Any lawyers available to advise on what the term means in Jersey law?

“Since then, next of kin has often continued to be incorrectly treated in the medical setting as if it were a legal entity. Hospital records, for example, invariably document the name of the patient's next of kin. Although the term can have a role in the allocation of property rights, those identified as having such rights do not thereby acquire rights in relation to medical decisions. It is, for example, well established that in the case of incapacitated patients, someone identified as next of kin in relation to property has no legal right to consent to or refuse treatment on behalf of the patient”

And they give an illustration of just how difficult decisions can be:

“Anne Cole is 38 years old and has a family history of cancer. Her mother died of breast cancer at the age of 42 and her maternal grandmother developed breast cancer in her late 40s. Her maternal aunt died three years ago from an abdominal malignancy, aged 56. Ms Cole wants to know whether she is at increased risk of developing breast cancer and what measures she can take to prevent it or improve her prognosis should she develop it.”

“In the case history above, the information requested concerns the precise nature of the abdominal malignancy of Ms Cole's aunt.

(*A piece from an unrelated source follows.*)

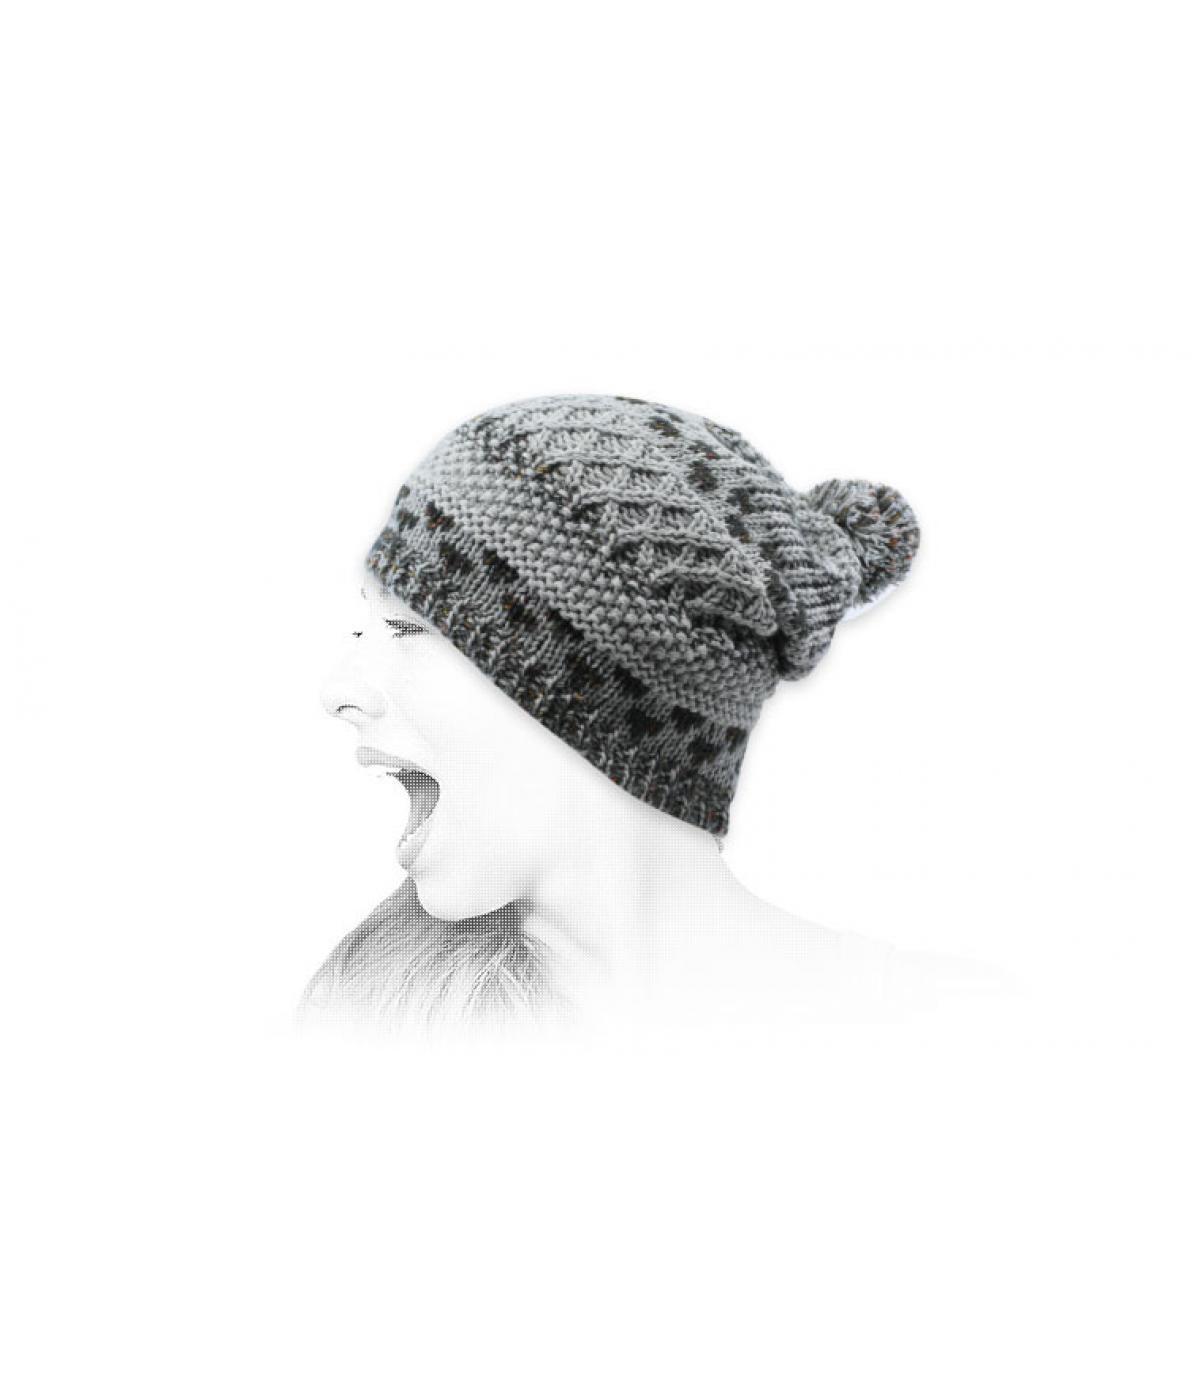 Bommel Mütze grau Jacquard

The benefit of this information is that it would give Ms Cole a clearer idea of her risk of cancer and thus a clearer idea of what surveillance or prophylactic options would be appropriate. The risk of harm (to the memory of the aunt) is that information held within the histology report might be particularly sensitive—for example, if the malignancy was AIDS related and the aunt had not wanted her family to know about this.”

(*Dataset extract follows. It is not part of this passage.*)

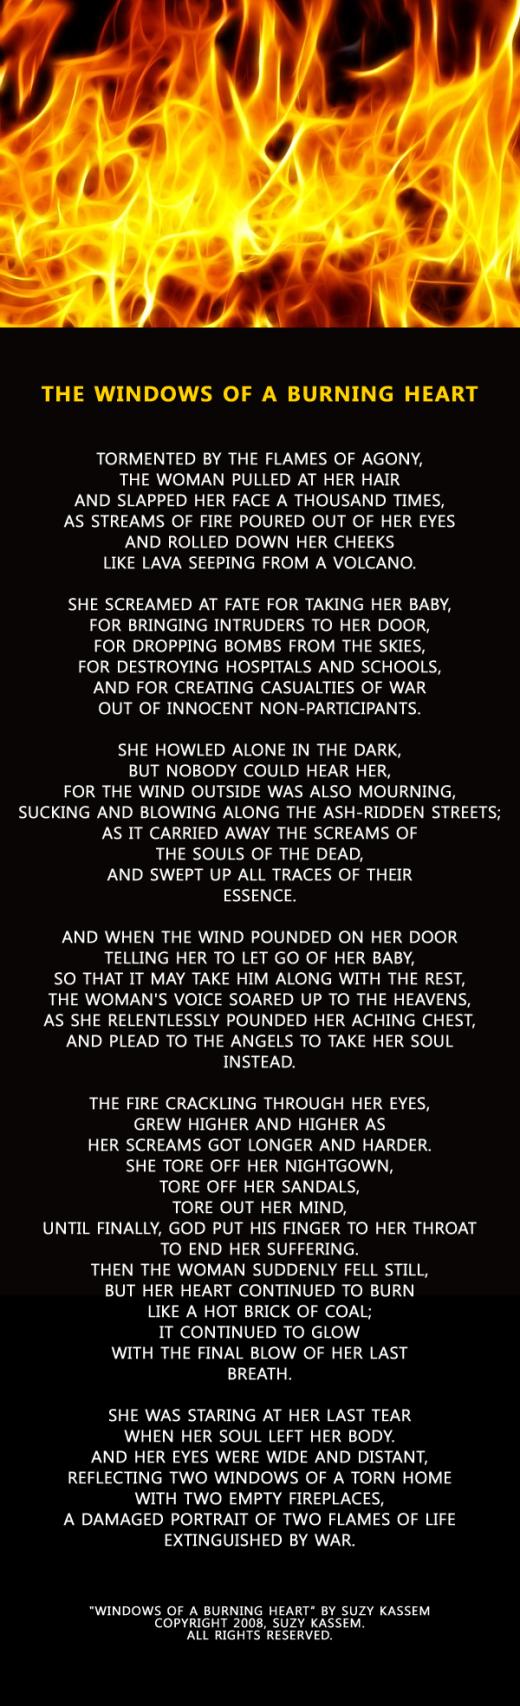 Suzy Kassem Poetry for War Mothers

They conclude that the benefits to the living should usually outweigh the privacy of the dead, because such information could be significant is preventing another’s death:

“Clearly, clinicians will have to assess the harms and benefits of each case to decide an appropriate course of action. This is a balancing exercise with which most clinicians will be familiar. We believe, however, that in many cases, if not most, the balance ought to fall in favour of disclosure. We support recent recommendations that doctors should be able to access information about a dead person if it is important for the prediction of disease in family members; there is no good reason to believe that the person had or would have objected to such access; accessing the information is not against the person's interests; and the policy is openly disclosed”

So there are two areas where privacy might be waived. One is where medical practioniers themselves may have contributed to a relatives death, and clearly in this instance, they should not be responsible for taking a decision not to release patient records. The other is where genetic information could prove invaluable for preventing risk of a relative dying, and in this case, there should almost always be a presumption in favour of the living.

It’s an interesting subject, and one which I was completely ignorant of until I read Deputy Hilton’s question, and decided to explore the matter further.